4) Almost at the very end of the show (last 5-8 minutes) the final theory (always the correct one) is proposed and the killer is usually apprehended. This coming together of evidence could happen in the middle of a trial or in the lab or the field. Frequently, in the newer shows, there is a faux reenactment of the crime which just reinforces the infallibleness of the investigative team. They might miss something but they never, ever makes mistakes in the final interpretation.
5) Despite their unbelievable success rate in solving crimes (which can not be repeated in the real world), the investigators are in general unhappy people, either single or divorced workaholics. It’s rare to find a happily married man or woman on one of these shows. It’s like they are martyrs, sentenced by God to redeem their sins (whatever these might be) by righting the wrongs of the world but not experiencing any satisfaction or happiness themselves. They get their only satisfaction in life from figuring out the puzzles in other people's lives instead of their own.
These shows are very addictive. Everyone loves a good story and here they are with clear beginnings, middles, and endings complete with commercial breaks. We have troubled souls as heroes (whom we can identify with) and kinky, perverted, amoral villains whom we can also live vicariously through. The shows both celebrate violence—by making it the theme of every episode—and also condemn it in moralistic terms which can make the viewer feel superior because there is the thrill of sex and violence (frequently entangled) but we watch violence perpetrated by others instead of indulging in it ourselves.
I was procrastinating the other day when I should have been working (like right now) and watched part of a “marathon” of episodes of one of these shows and before I knew it hours had passed. I had terrible thoughts and images filling my head when I tried to fall asleep that night and I’ve noticed it happening more and more after an evening of watching these shows. I’m not personally afraid of being a victim, it’s just that they've twisted my view of the world to one of an unpredictable, dangerous place full of sexual predators and random acts of violence.
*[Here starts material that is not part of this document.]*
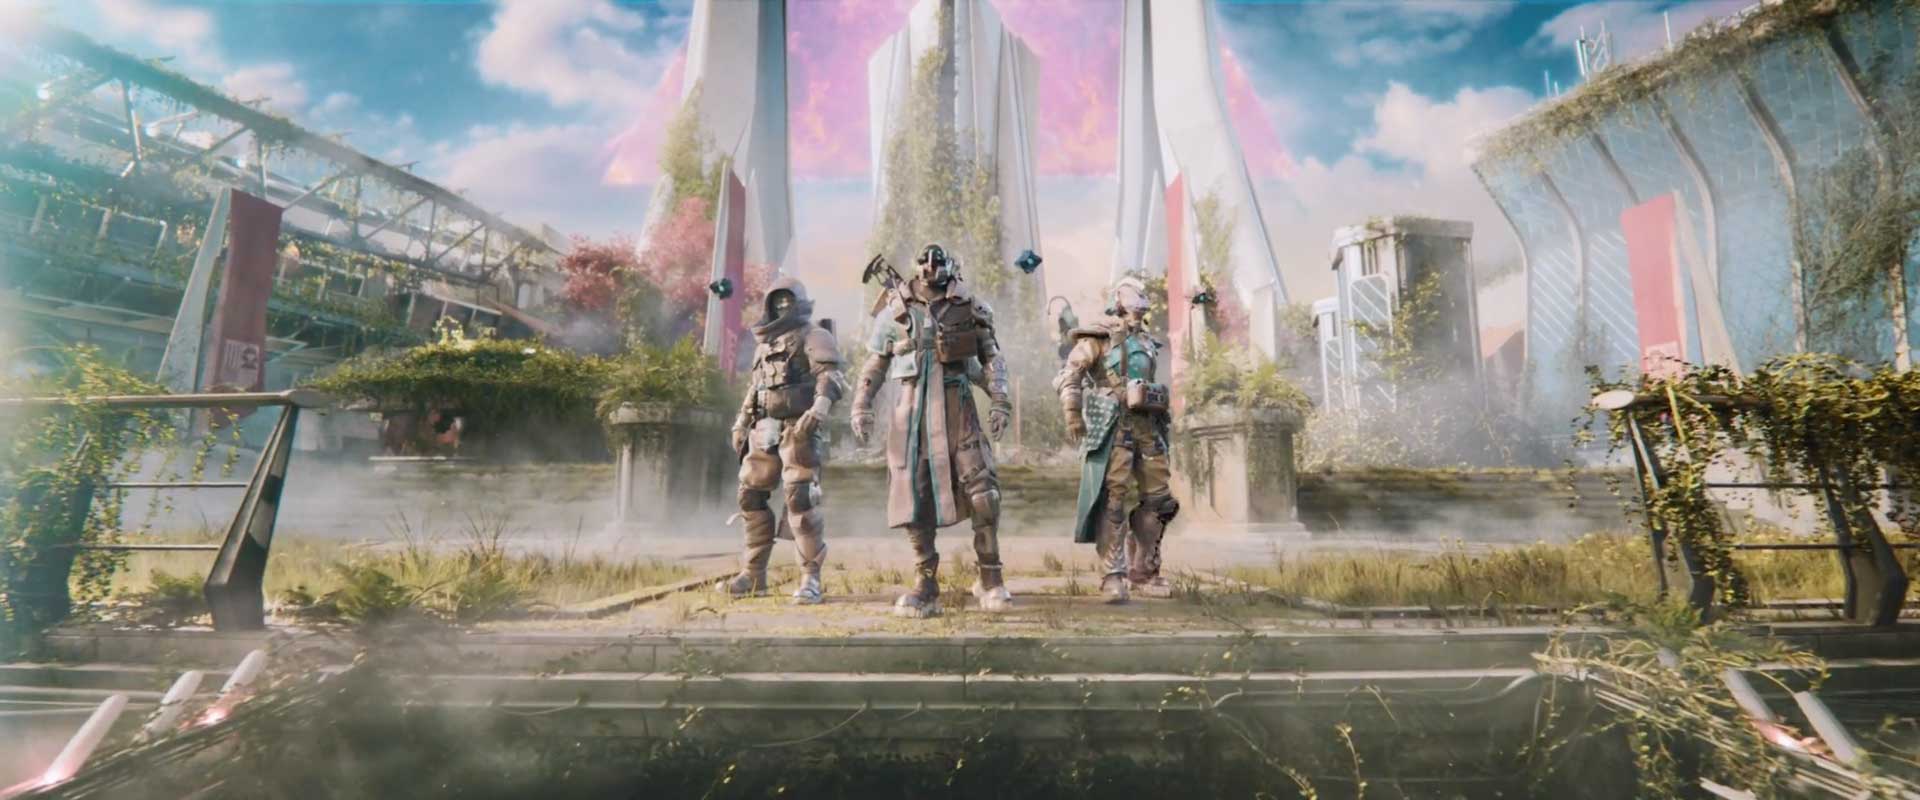 Destiny 2 The Final Shape Reveal Trailer Ilya Abulkhanov The Mill | STASH MAGAZINE

I think that this worldview is enhanced by the heroes’ nonchalance about the dark side of human nature, like they expect the worst from people and can no longer be surprised by even the most deviant acts. One could call it “noir-ish” but I find it just makes me feel dismal about the human race. And that, along with recent setbacks, has me in a complete funk.
Hopefully, writing will help me exorcise some of these demons. I’m not looking for a Disneyfied view of humanity, just to hold the possibility in my heart once again that people are basically good and not opportunists waiting to take advantage of the weak and disadvantaged in our society. After I get a little of that point of view back, maybe I can work on my total mistrust of corporate America next.